To the untrained eye, when I’m travelling to hospital now, I’m just a fairly ordinary young person probably on her way to meet a friend and have a nice brunch in town. Look at my breast cancer pin, the fact I move awkwardly when I sit down and the fact I am guarding my right side and you might find the picture changes. At the moment, my illness is pretty much invisible. But, that doesn’t make it any less real or frightening.
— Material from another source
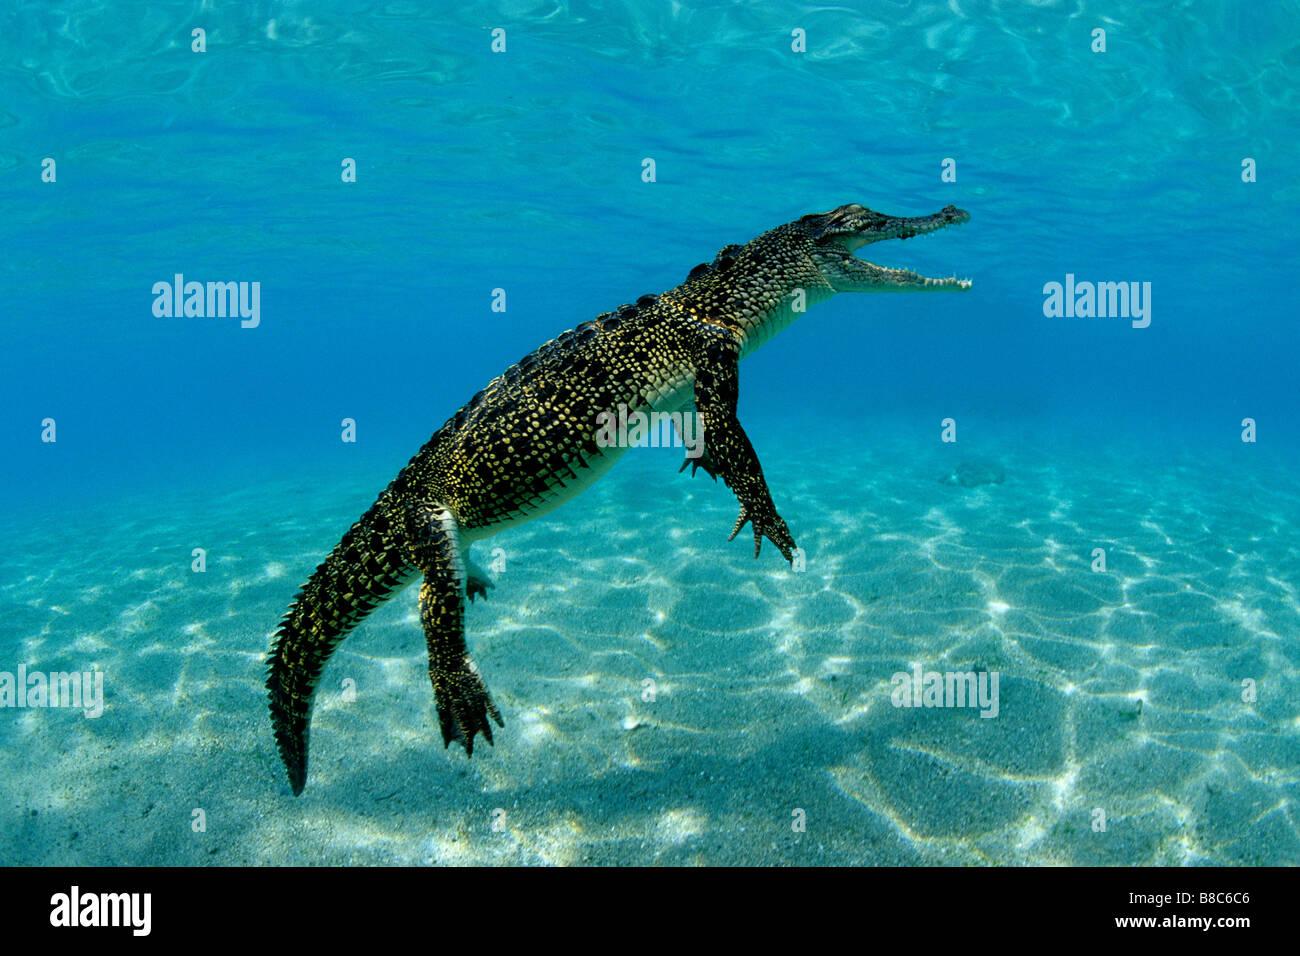 Saltwater crocodile Photo Stock

We’re all familiar with the concept of giving back, but this is my little plea to ‘pass it forward’ too. If someone is kind to you, find a way to pass that kindness on – or better still, be the one to start a chain of kindness. It could be as simple as opening the door with a smile, offering your next delivery man a biscuit or giving up your seat on the train (I acknowledge that smiling on trains in London may get you arrested). Random acts of kindness can turn a grey day into a day to be remembered.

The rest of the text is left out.